Apart from an alarming canopy vibration during loops, Wray was quickly taken by the aircraft’s snappy handling. Performance, not so much. Can-Car’s report had boasted an optimistic climb rate of 3,400 feet per minute (against the Hurricane’s 2,780), but Wray recorded an initial climb rate of only 2,800. Can-Car had reported a terminal velocity dive speed of 472 miles per hour, but Wray’s trial reached only 402.

The pilot was blinded by the gull-wing while taxiing but “it has manoeuvrability to the extreme,” Wray wrote in his flight test report. “Below 15,000 feet, a contemporary low-wing monoplane or single seater, despite superior performance, could not successfully engage the Gregor singly.”

Impressive, but these numbers and comments came with the aircraft at a lighter weight than it would be when operational with guns, ammunition, armour and bombs. And while handling was superb, performance wasn’t beating current monoplane fighters by much. Perhaps with the proposed 1,200-horsepower engine it could have. But that would mean months of further design and testing, and this was 1939.

Hurricanes and Spitfires were already proven and operational. Those war clouds were now towering and Can-Car’s Hurricane production lines were gearing up. Holding off on those to develop an entirely new line of as yet unsold FDB-1s would seem folly. Without clearly superior performance, the RCAF wasn’t convinced that regression to biplane design was the way forward. 

The Gregor FDB-1 is refuelled at Roosevelt Field, Long Island, New York, in 1941.
Ingenium

The company didn’t give up on Gregor’s intriguing creation, believing it could serve elsewhere in the world.

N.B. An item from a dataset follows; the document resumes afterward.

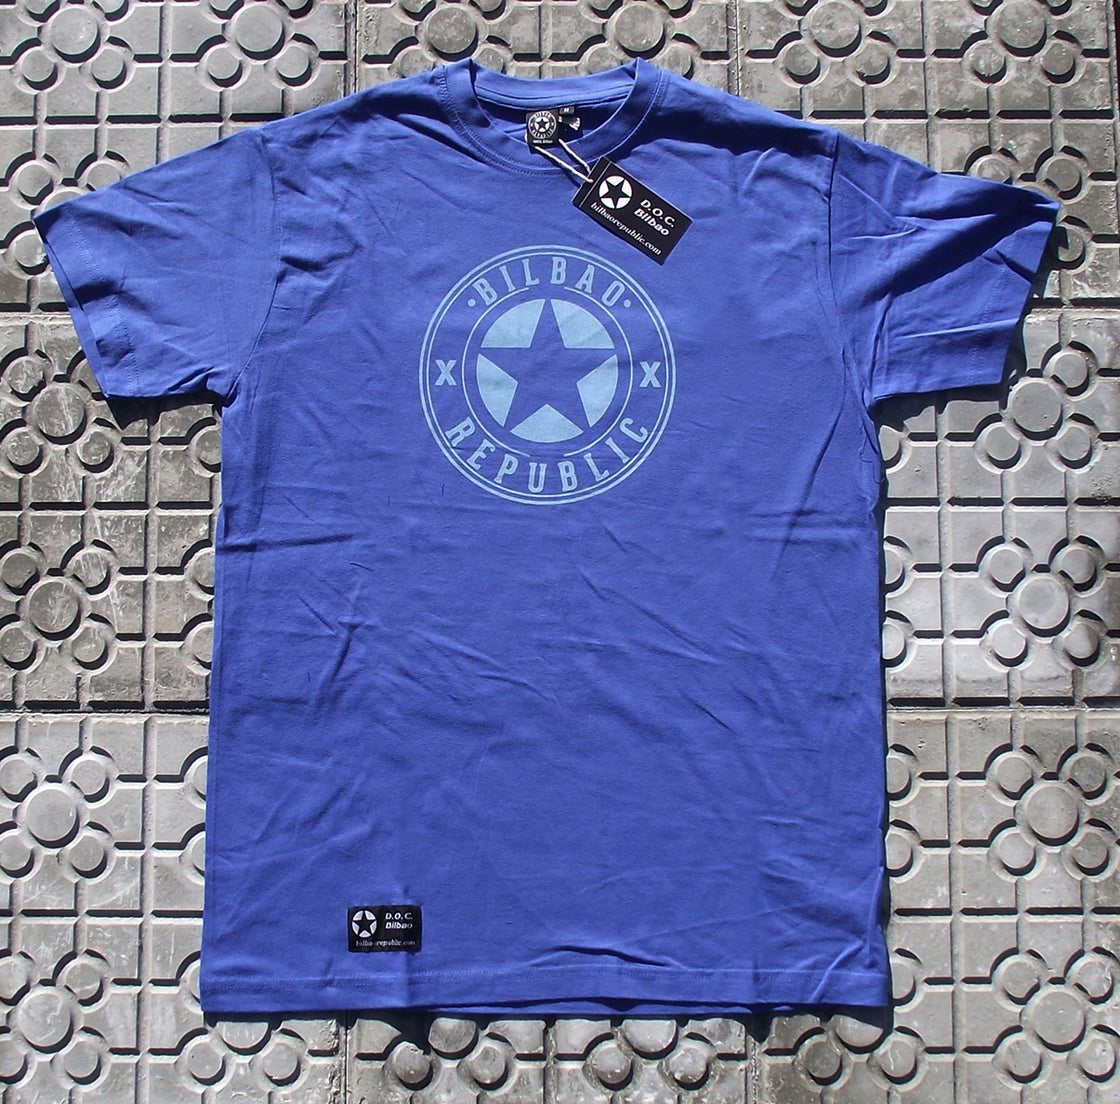 Image of Camiseta unisex Azul Bilbao

For publicity, the FDB-1 participated in the Bernarr Macfadden New York-to-Miami air race in January 1940, but retired when forced to land at Hadley Airport in New Jersey with engine oil-pressure troubles.

Can-Car pressed on. The sales team hit the road on a marketing drive, with some success. Mexico expressed interest in manufacturing the aircraft under licence in 1940, but Ottawa nixed its export without any explanation.

A new marketing opportunity arose in 1941: a demonstration at New York’s Roosevelt Field to another potential foreign client. It was flown by Fred Smith, then of Canadian Colonial Airways, who called the FDB-1 “chubby in a vicious way” and said it had “the stance of a young English Bulldog.” He too had been delighted with its “feather-touch” handling, which he termed short but swift and responsive. “This was some bird!” he wrote in an Air Classics article.

Following the demo, Smith reported a tentative offer of “a colonelcy in a South American nation’s air force if I’d train a squadron in these aircraft.” That never came to pass. Clearly someone watching the performance had been awed, but still no entries appeared in the company’s order books.

There is no record of Can-Car promoting the FDB-1 much after that. With a dismal 24.5 hours of flying time on the airframe, Gregor’s dream fighter languished in a hangar in Dorval, Que., until sometime between 1944 and 1946 when it was destroyed in an accidental fire. Gregor’s patience seems to have run out long before that—he quit Can-Car shortly after RCAF interest evaporated, and moved back to the United States, eventually landing a job with Chase Aircraft Company. He retired to Trenton, N.J., and died in 1953.

“The FDB-1 represents the last of the biplanes built as first-line military aeroplanes, before the monoplane became exclusively established for this purpose,” said Britain’s authoritative publication The Aeroplane Spotter in its Nov. 2, 1946, issue. “[It] had a maximum speed comparable with other contemporary fighters, at the same time having that extra manoeuvrability which would count in a dogfight, and also a low landing speed, 57 miles per hour, making only small landing areas necessary.”

Can-Car’s production lines went on to build more than 1,400 Hurricanes for the war effort.